CdS is one of the outstanding electrode active materials among various sulfides owing to its narrow bandgap of 2.4 eV, fantastic faradaic redox activity, and high conductivity with unique chemical and physical properties [31,32,33,34,35,36,37,38,39]. Besides, it is well known that the limited irreversible adsorption of ions on the interface between electrolyte/electrode is the leading cause of low capacitance of the carbon materials (herein CNF) [40]. In light of this, developing novel nanostructured electrodes effectively increases the utilization of electrolyte ions. It expands the electrolyte/electrode interface area and short ion/electron transport pathways, boosting the final electrochemical performance of the host active electrode. CdS have been evaluated among several literature reports due to their good electrical conductivity, prolonged life cycle, larger specific area, and cheaper cost. For instance, Xu et al. [41] described a hydrothermal process for producing porous CdS on nickel foam with specific capacitances of 909 F/g at 2 mA/cm2. Nisha et al. [1] demonstrate that solvothermal-produced CdS nanosheets have a capacitance of 1165 F/g at 2 mV/s. Zhang et al. formed 3D reduced graphene oxide/CdS hydrogels with specific capacitances of 300 F/g at 5 mV/s for SCs [42]. At a scan rate of 5 mv, the observed CdS microspheres [43] had a specific capacitance of 592 F/g. The theoretically measured specific capacitance value of CdS is 1675 F/g, although empirically obtained capacitance values of CdS are substantially lower. This difference between theoretical and actual values encourages researchers to devise novel methods for fabricating CdS-based SCs.

The specific capacitance and energy density must be progressively enhanced to fulfill the expanding energy needs. The CNF's double-layer capacitance and the CdS faradaic capacitance may improve the electrode's electrochemical characteristics. CNFs have piqued the interest of researchers because of their outstanding conductivity and thermal and chemical stability [44,45,46]. As the electrode material in a supercapacitor, CNFs have a high working voltage, appealing life duration, and excellent capacity retention [47, 48].

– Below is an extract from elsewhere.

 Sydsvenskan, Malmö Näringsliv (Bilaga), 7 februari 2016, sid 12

Given the above explanation, we have manufactured CdS and CNF nanoparticles using a simple Co-precipitation technique and hydrothermal process, respectively. CdS-CNFs nanocomposite was prepared by wet chemical process to examine their performance as a supercapacitor electrode material. CdS nanoparticles assembled into CNFs enhanced the performance of a composite material. These composite materials offer several advantages. First, the fiber-shaped porous carbon has a high aspect length-to-volume ratio and a condensed ion/electron diffusion channel, allowing for quick electron transport and the necessary electrochemical performance. Second, Cadmium was uniformly distributed over the carbon matrices to meet the critical requirements in SCs. We describe a novel possibility and prospective electrode materials for enhanced SCs, which, to the author's knowledge, have not been previously reported.

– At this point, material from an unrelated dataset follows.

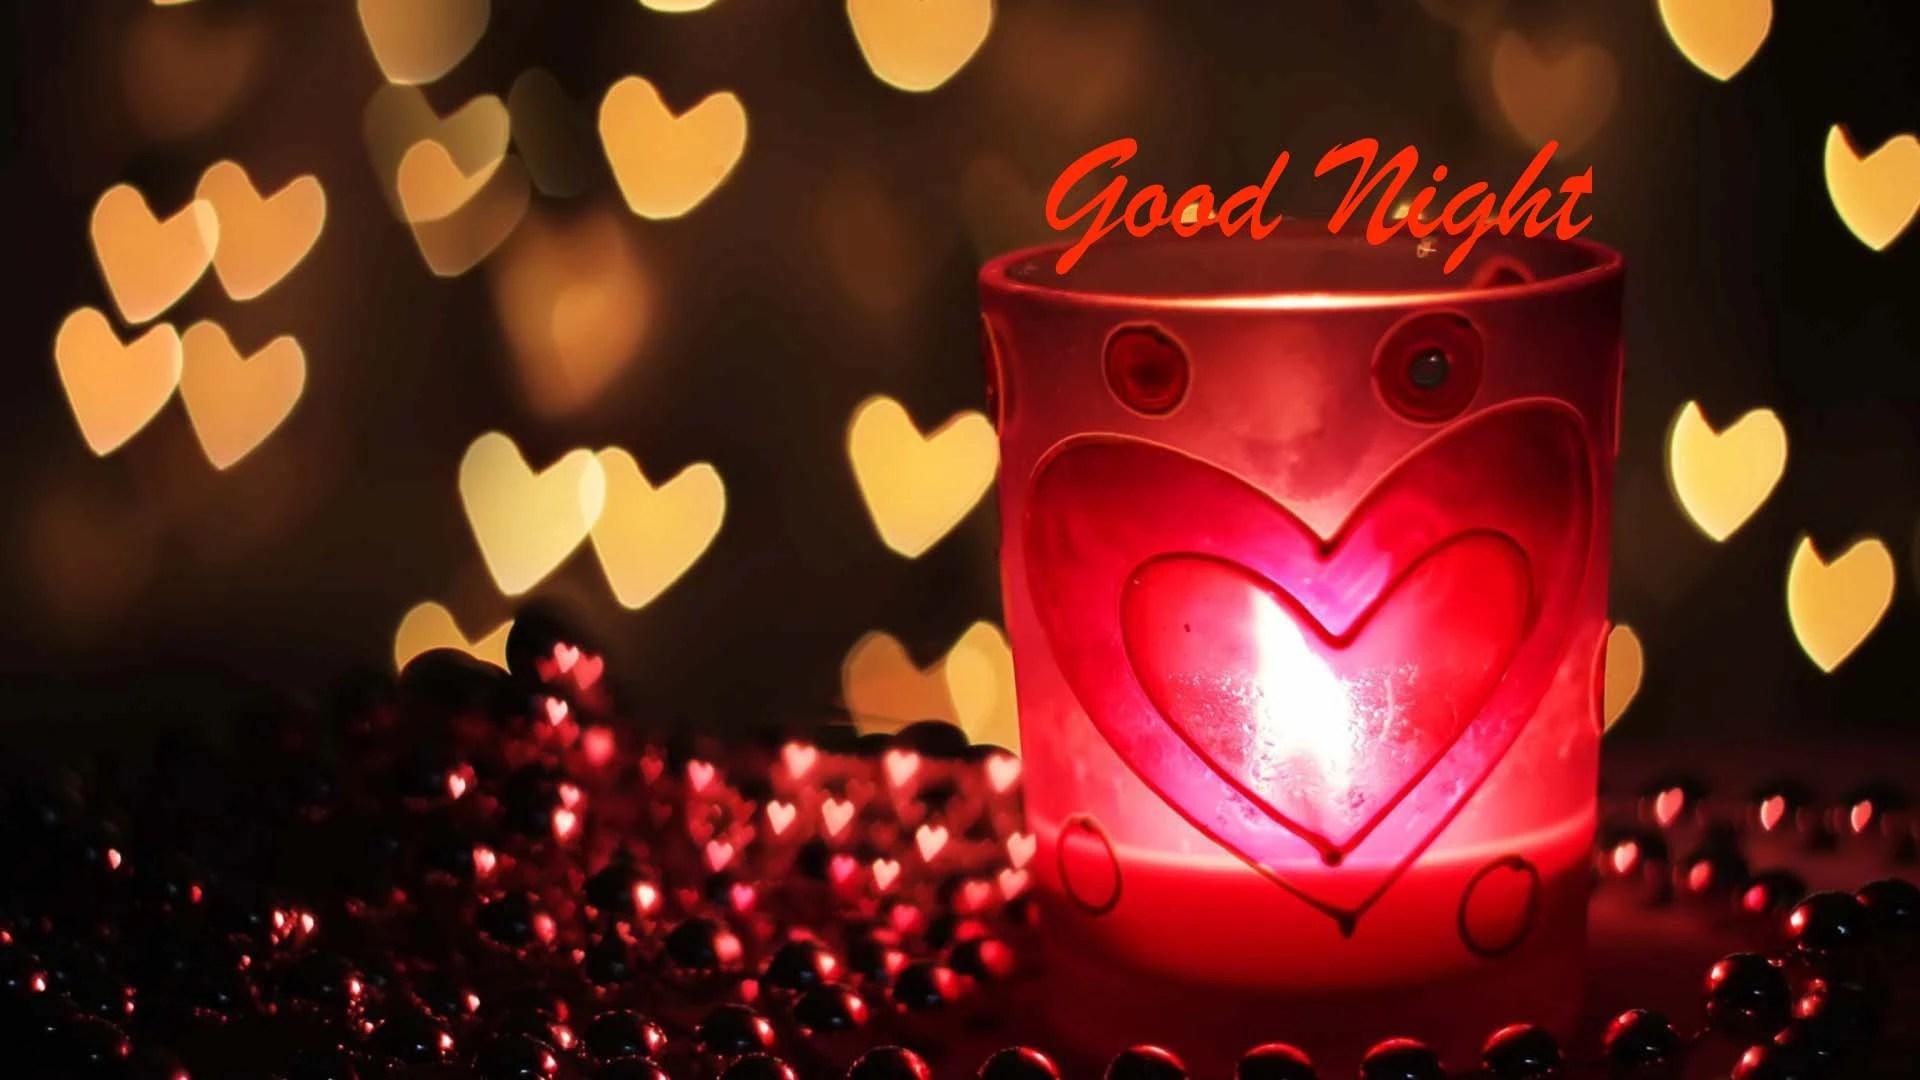 Good night heart red image

2 Synthesis of the Samples

2.1 Materials and Methods

Analytical-grade chemicals were employed to make composite CdS-CNFs and CdS, and they were used directly after production. Cadmium acetate (C4H6CdO4, 97%) and elemental Sodium Sulfide Hydrate (Na2S·9H2O) were supplied from SigmaAldrich. Every single stock solution was made with deionized (DI) water. Resorcinol (99.5%), hexamethylene tetramine (HMT), cetyltrimethyl-ammonium bromide (CTAB) (99%), tetraethyl orthosilicate (TEOS), NaOH, and ammonia solution (25%), were all supplied by Sinopharm Chemical Reagent Co., Ltd. Fluka provided the Pluronic F127. The sulfur (> 99.99% purity) came from Aldrich.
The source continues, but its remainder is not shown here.